Democrats continue to comport themselves as if they exist in a real political economy—a real world where they will be judged by voters on the outcomes of their actual policy choices. Meanwhile Republicans operate according to the rules of the attention economy.
In 2022 and 2024 these two theories of the electorate will be tested against one another. We’re unlikely to get a clean result telling us, to a certainty, which more accurately describes the attitudes of the majority of Americans.
But the fact that we don’t know which view will triumph tells us something about the state of our polity.

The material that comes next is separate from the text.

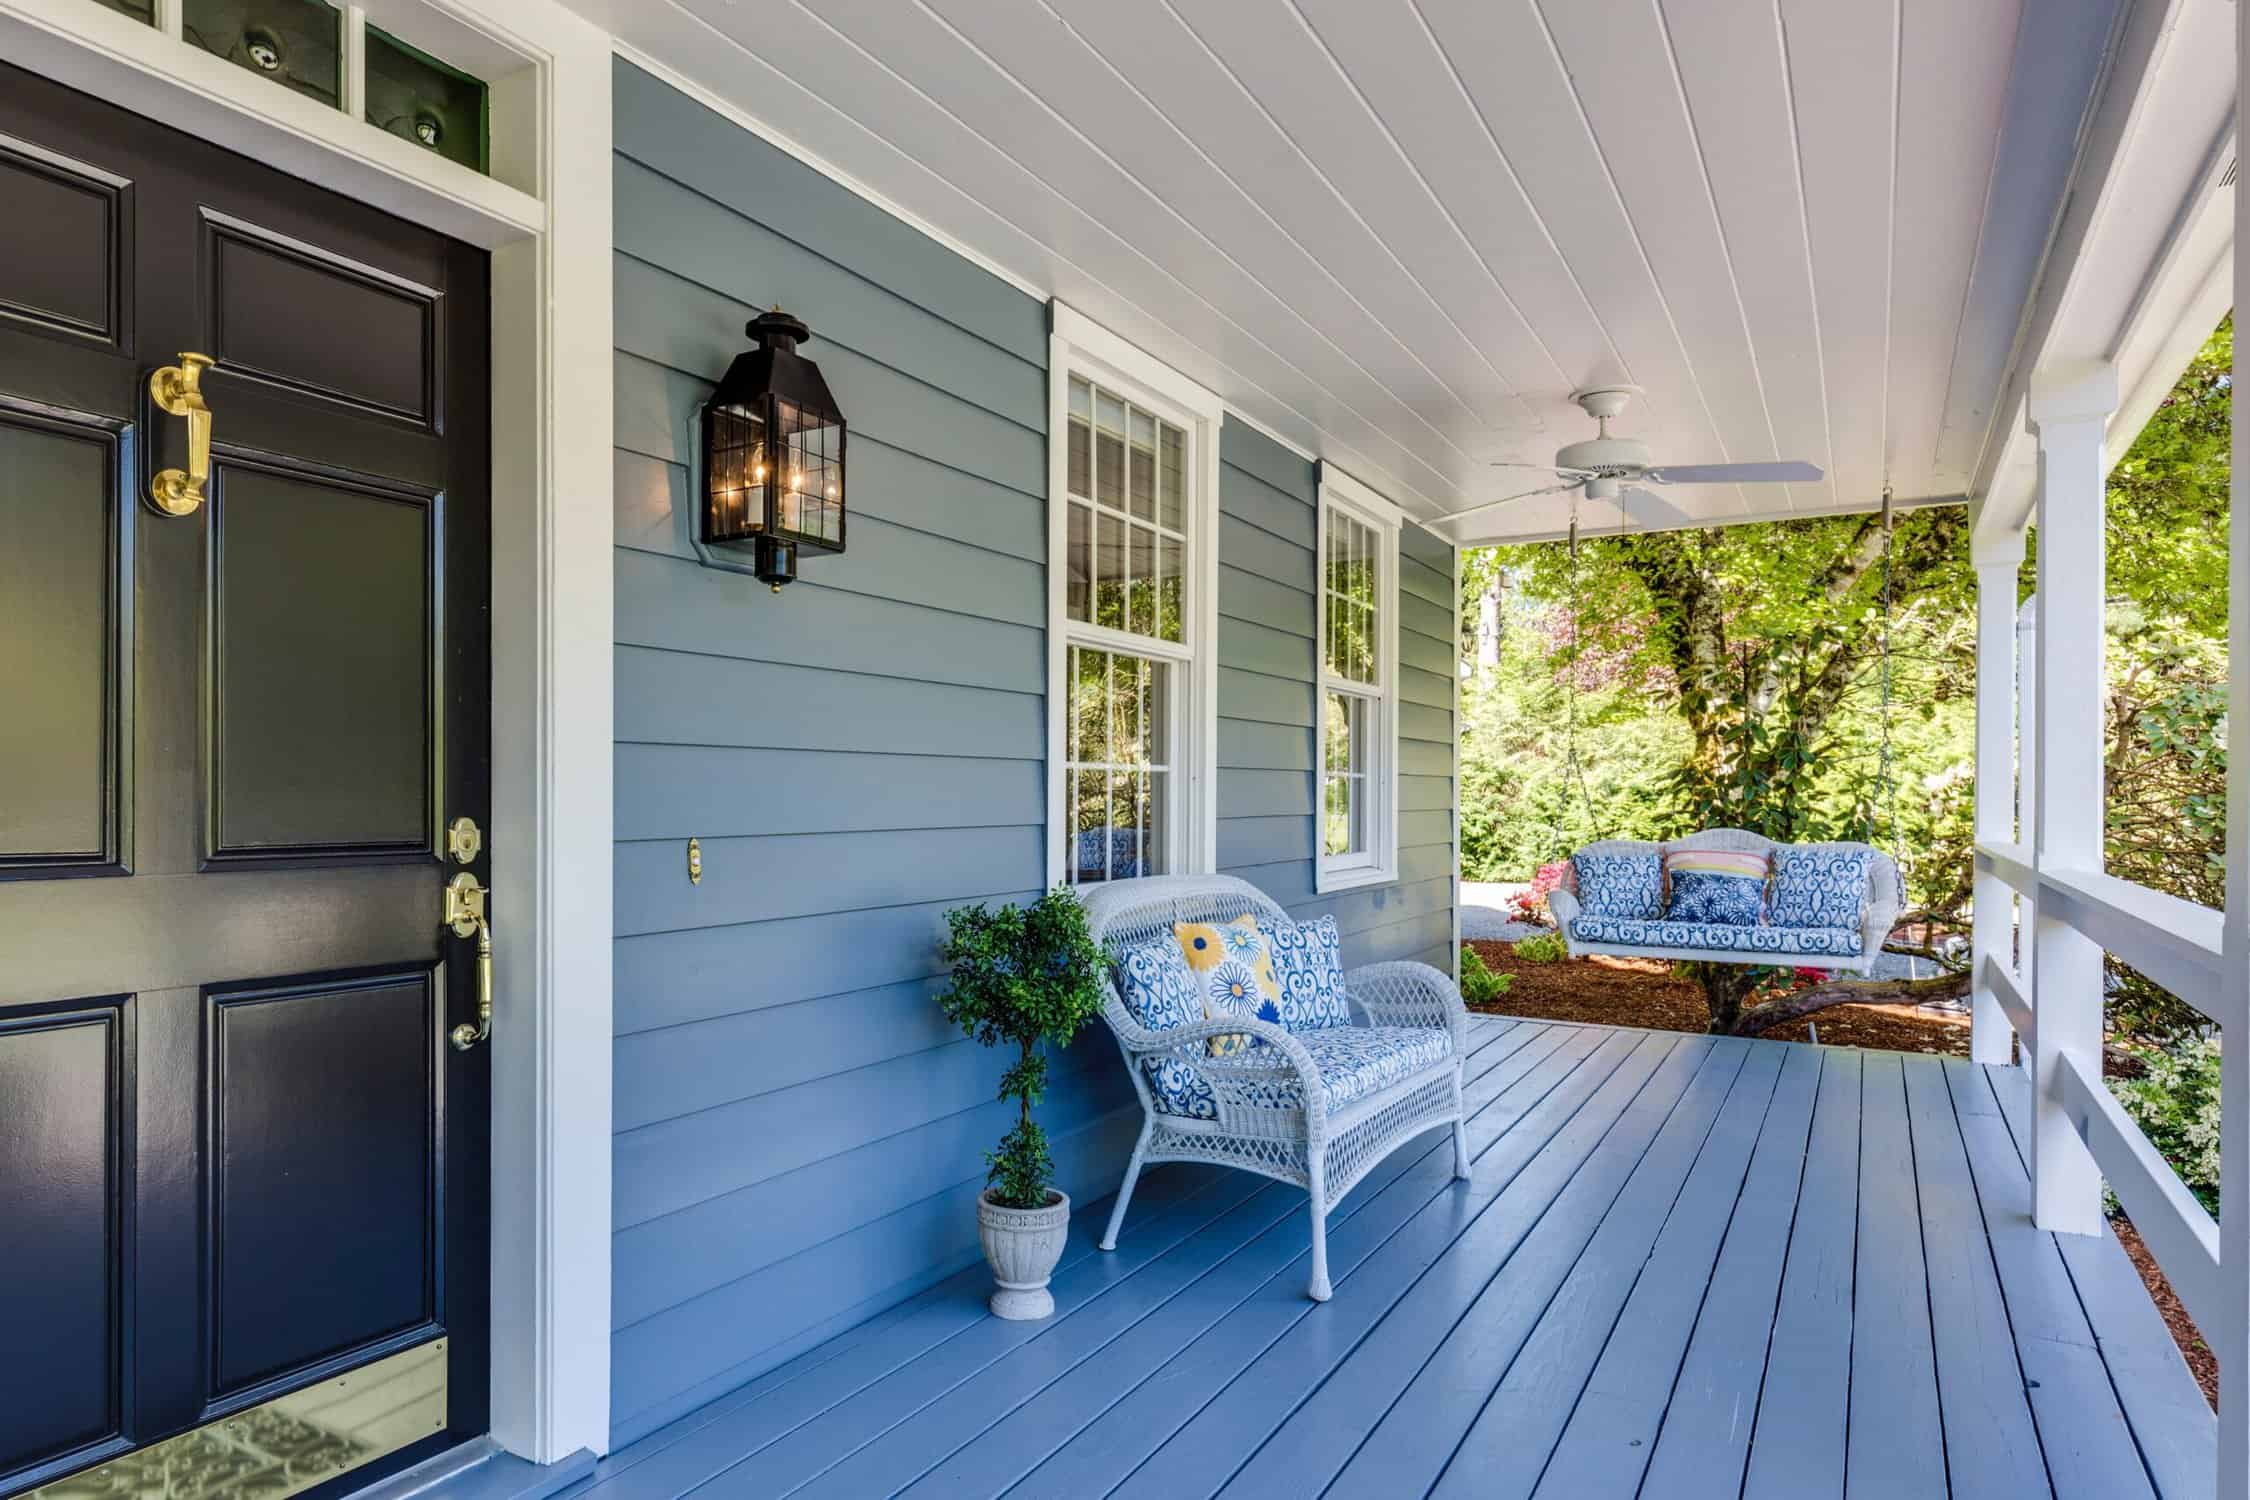 Blue coastal-inspired deck with overlooking garden.

exterior house painting temperature

If a political party making and selling policy widgets can’t beat a party that ignores policy except as it is useful to memeing and producing #content for its various media channels . . .
Well, post-scarcity is just another way of saying decadence.
Normally this newsletter is only for members of Bulwark+ but today we’ve opened it up to everyone.
We are not near “post-scarcity” in terms of resources. But we’re closer than we’ve ever been as a species. That’s why we toy with ideas like UBI. Maybe post-scarcity is a mirage: A state of being that always sits just over the horizon. I don’t know. Just roll with it. Because we’re not talking about economic scarcity, but political scarcity.